Here’s the deal: Since I can’t hear him crying from my bedroom, I set my alarm every 3 hours, at 3am and 6am so I can check on him and make sure he can go outside and do his business. However, he won’t do it. He looks very sleepy and prefers to sleep over anything else. So pretty much he holds it all in all night until 8 am when we’re all awake. Is this something I should worry about? I know that usually dogs can hold it for the months they’re old. He’s almost 3 months old; he should only be able to hold it for 3 hours, not 8.  

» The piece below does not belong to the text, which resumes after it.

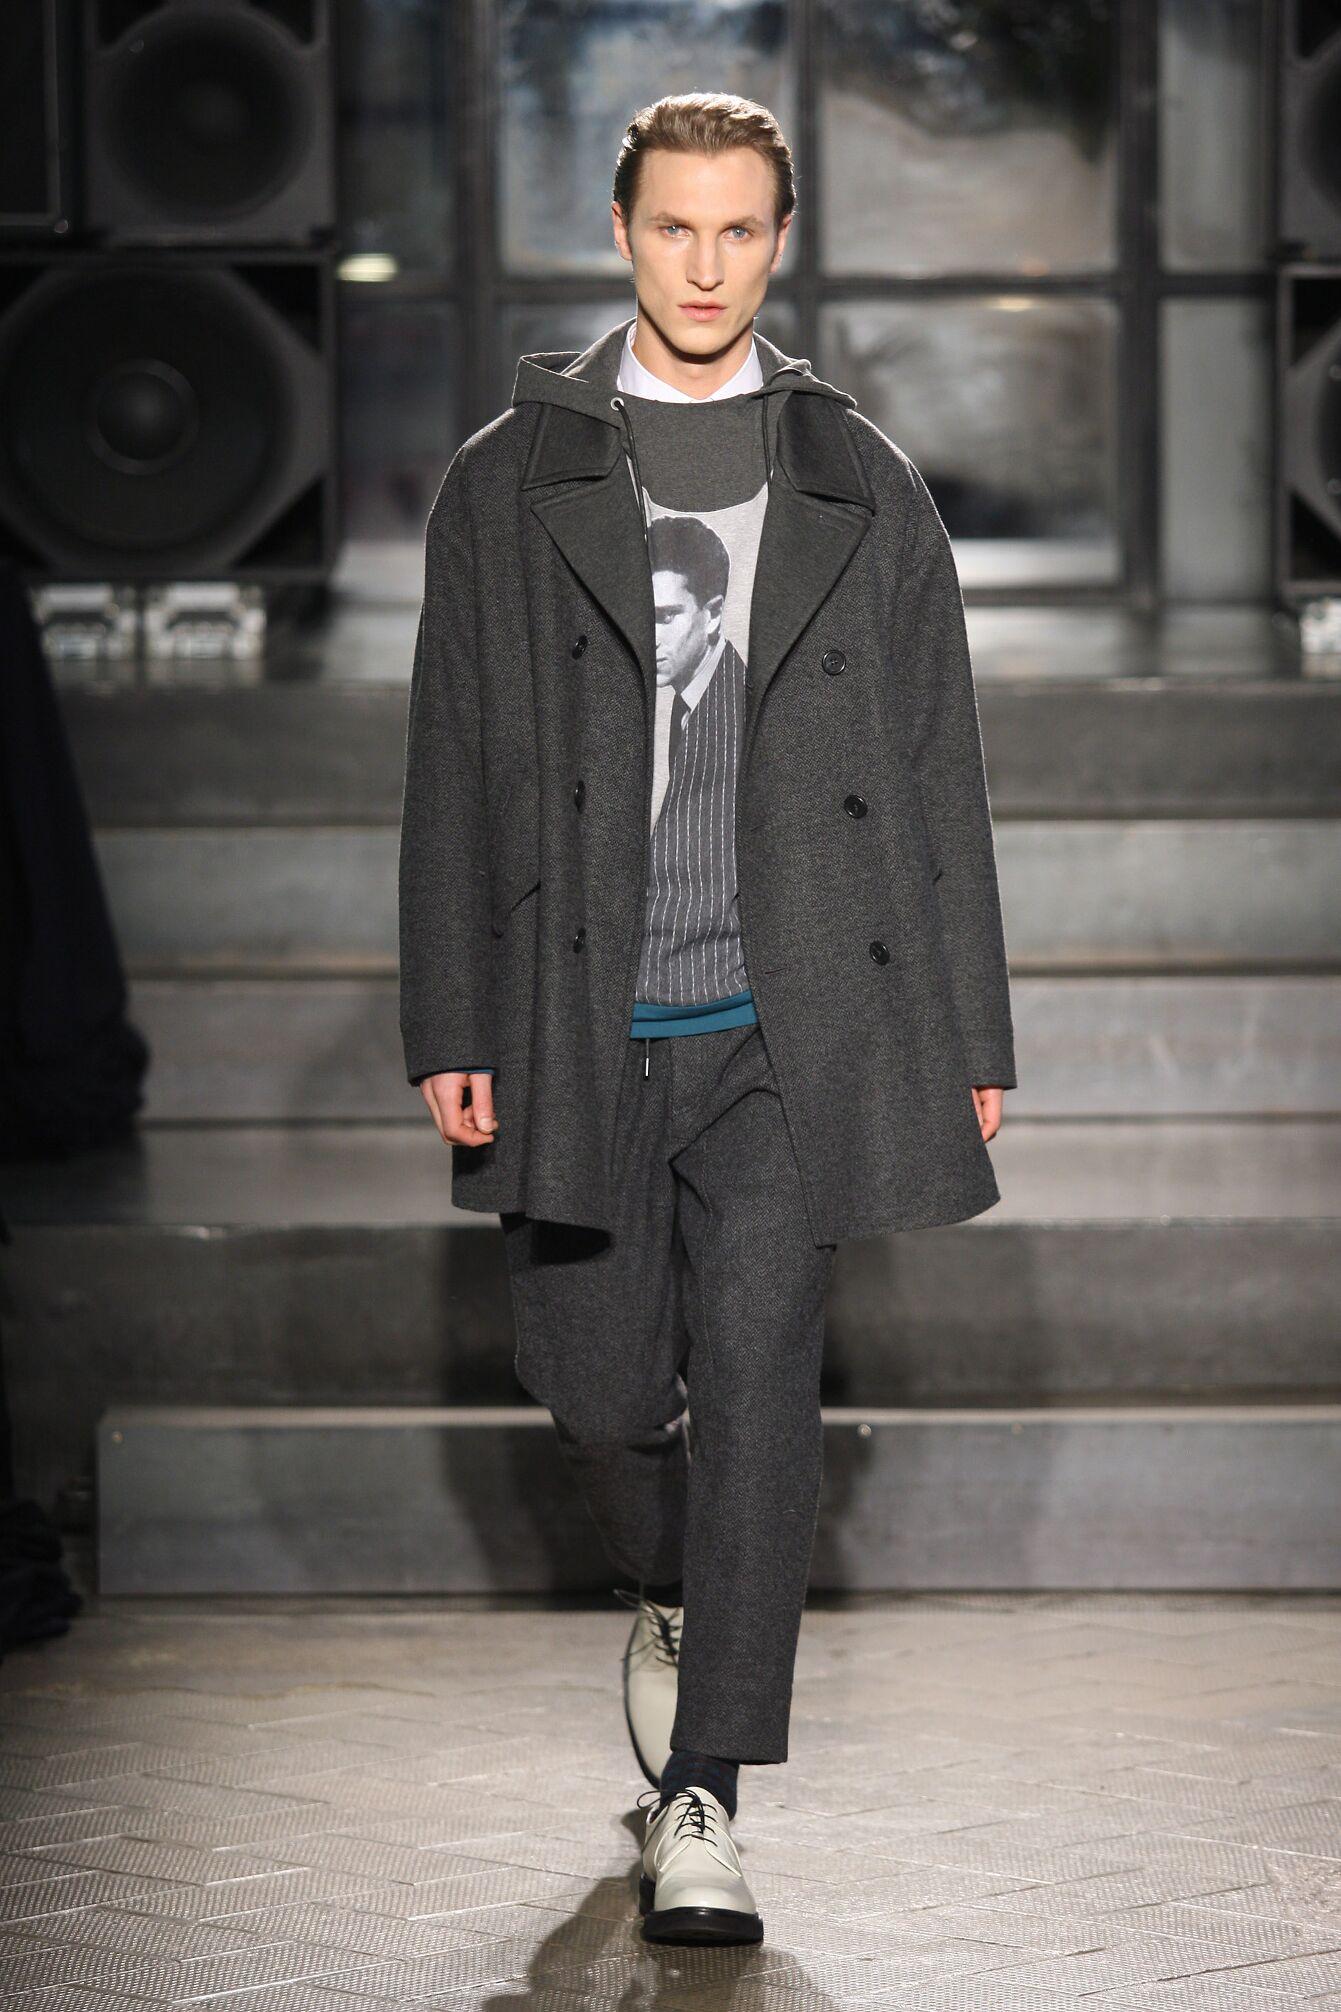 Antonio Marras Fashion Show FW 2014 2015

Hey, I am not complaining hehe, but I guess we’re just paranoid, we want the best for him and wouldn’t want this to be a (physical) problem later on. 

Thanks


----------



## HollowHeaven (Feb 5, 2012)

*Re: Aussie Puppy – Sleeps through the night without peeing/pooping. Is it OK?*

Call it a blessing.

Some can, some can't. Yours can. Enjoy that sleep!


----------



## jennneuman (Jul 7, 2013)

*Re: Aussie Puppy – Sleeps through the night without peeing/pooping. Is it OK?*

My mini American is three months old and can go from 11pm to 6 am in his crate and he is in our bedroom so I would hear him if he fussed.


----------



## Abbylynn (Jul 7, 2011)

*Re: Aussie Puppy – Sleeps through the night without peeing/pooping. Is it OK?*

Leah Lu was able to go from about 11pm until 6am at 9 weeks old. It is a blessing!


----------



## filippo (Aug 17, 2013)

*Re: Aussie Puppy – Sleeps through the night without peeing/pooping. Is it OK?*

ok then it is a blessing!  i'll take that eheh 

here's a quick video of him trying to eat a book under my bed; he won't be doing it for long though


----------



## Abbylynn (Jul 7, 2011)

*Re: Aussie Puppy – Sleeps through the night without peeing/pooping. Is it OK?*



filippo said:


> ok then it is a blessing!  i'll take that eheh
> 
> here's a quick video of him trying to eat a book under my bed; he won't be doing it for long though


Lol! How familiar is that!?


----------



## filippo (Aug 17, 2013)

*Re: Aussie Puppy – Sleeps through the night without peeing/pooping. Is it OK?*

 if they could only speak!


----------



## Mikeincalgary (Jun 14, 2013)

*Re: Aussie Puppy – Sleeps through the night without peeing/pooping. Is it OK?*

We got lucky with our Aussie as well. Got ours at 9 weeks, slept through the night day one. The crate took a few days.


----------



## filippo (Aug 17, 2013)

*Re: Aussie Puppy – Sleeps through the night without peeing/pooping. Is it OK?*

day 1, wow. has he changed since then? perhaps he's acting this way because it's a new home... no no no, it's just a blessing, he'll never change!


----------



## OpieDoodle (Aug 17, 2013)

*Re: Aussie Puppy – Sleeps through the night without peeing/pooping. Is it OK?*

My husky puppy was the same way. He could hold it all night. If he did need to get up to go out he'd cry and wake me up. It only happened 3-4 times ever tho, but he was very good about going potty outside.


----------



## Spirit_of_Cotons (Jun 21, 2009)

*Re: Aussie Puppy – Sleeps through the night without peeing/pooping. Is it OK?*

I am so jealous! It took forever to house train our dog. Then we sent him off to be trained and thankfully he aced it then. Maybe I was doing something wrong. *shrugs*


----------



## Kyndall54 (Apr 26, 2013)

*Re: Aussie Puppy – Sleeps through the night without peeing/pooping. Is it OK?*

Be thankful for your sleep! I was a zombie the first couple weeks we got Ammy. She wouldn't sleep more than 3-4 hours during the night.


----------



## Damon'sMom (Aug 2, 2011)

*Re: Aussie Puppy – Sleeps through the night without peeing/pooping. Is it OK?*

Like others have said it is a blessing!  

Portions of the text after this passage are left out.